Ethics policies: It's just good business

ABOUT THE AUTHOR

Dave FauldersDave Faulders is a business attorney in the Richmond offices of Executive Counsel, PLC, a business law firm that is composed primarily of former corporate general counsel. He can be reached at dfaulders@exec-counsel.com.

Legal Matters is written by the members of the statewide law firm Executive Counsel PLC. Most of the firm's members formerly served as general counsel at large corporations. They will rotate turns as columnists, discussing a variety of legal issues facing Virginia businesses.

Next month: David Zerbee, from the Fairfax office of Executive Counsel PLC will discuss legal aspects of emergency preparedness/disaster response.

READER REACTION

by Dave Faulders
for Virginia Business
September 2006

Are you concerned about the business reputation of your company and its employees? What would happen to your sales if your company is drawn into a scandal?
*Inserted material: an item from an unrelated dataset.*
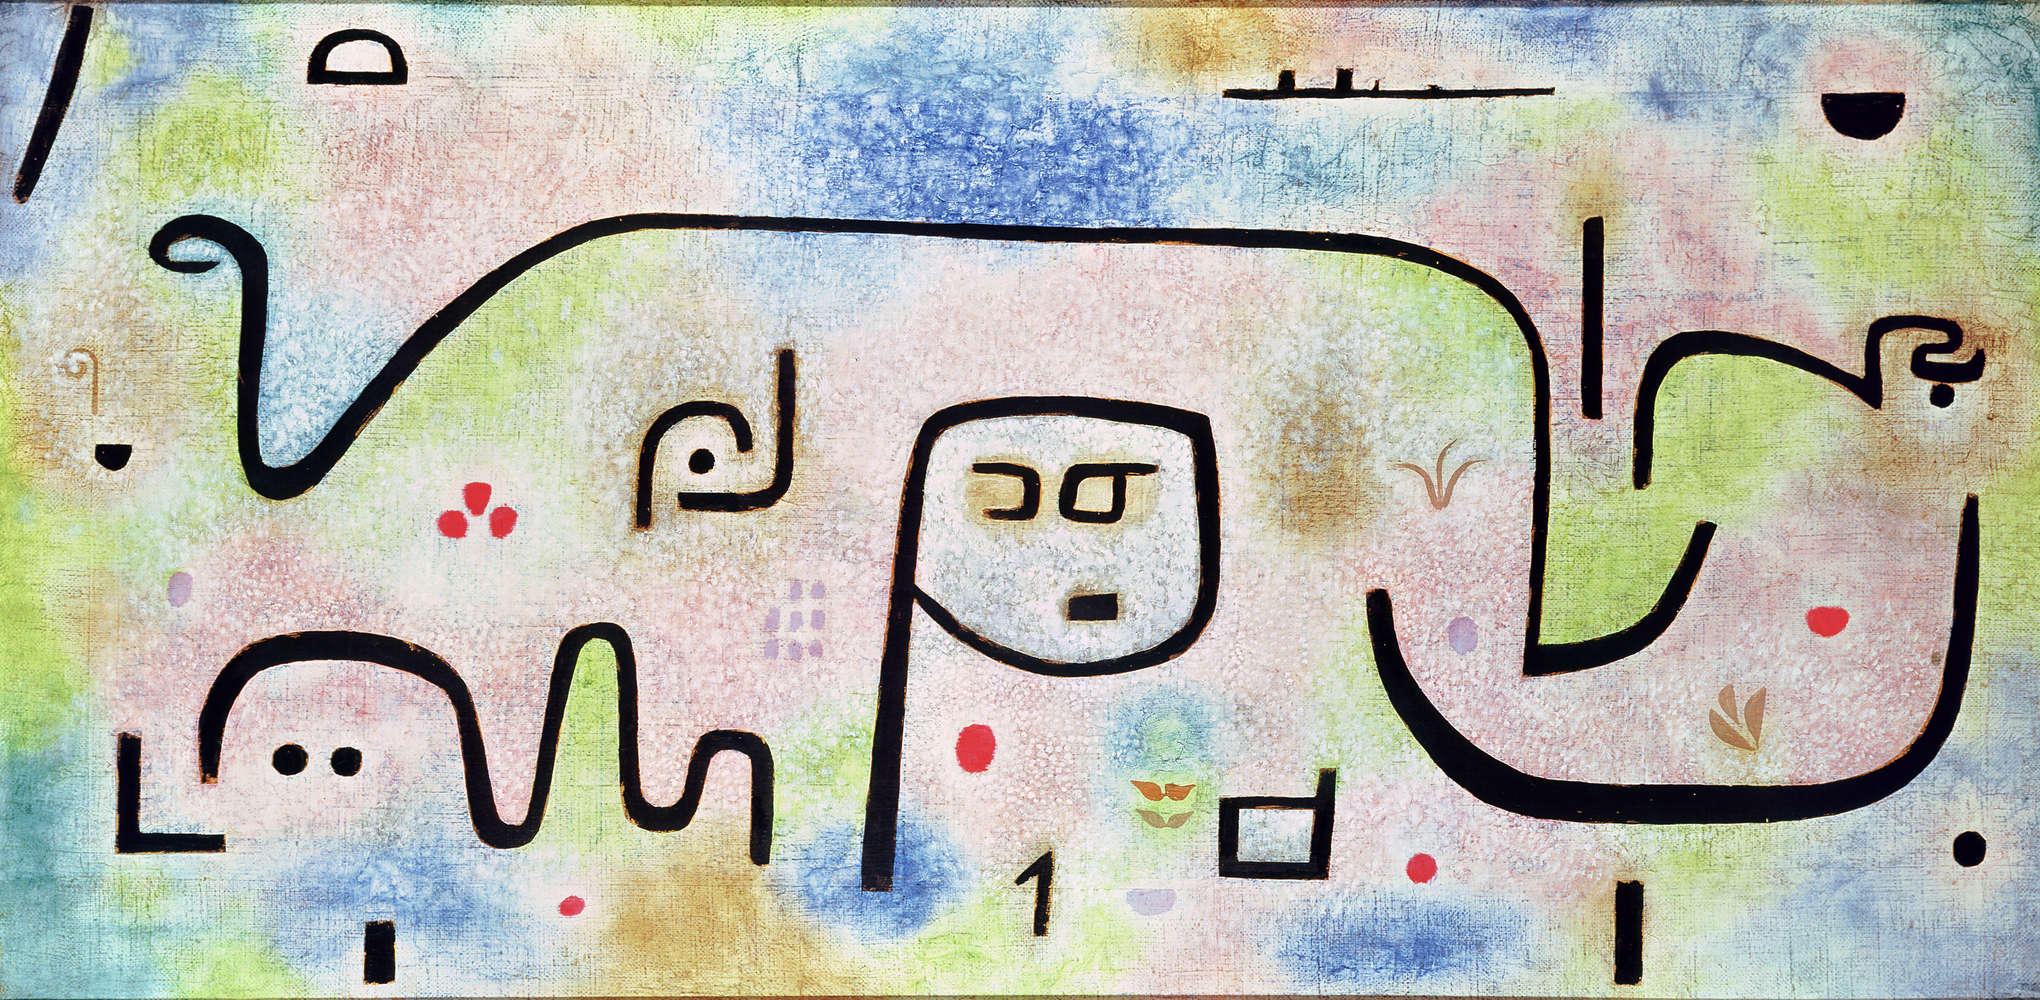             Photo wallpaper "Insula Dulcamara" by Paul Klee

Does everyone in your organization know the company's standards of behavior? These are basic and important questions that every executive should address.

As most readers are aware, corporate ethics has been a hot topic in recent years. If you Google the term "Sarbanes Oxley Act," or SOx, which was adopted in the wake of scandals at Enron, WorldCom, Tyco and other companies, as a regulatory effort to raise the bar for corporate ethics, you will receive nearly 7 million hits. The term "conflicts of interest" yields more than 16 million hits.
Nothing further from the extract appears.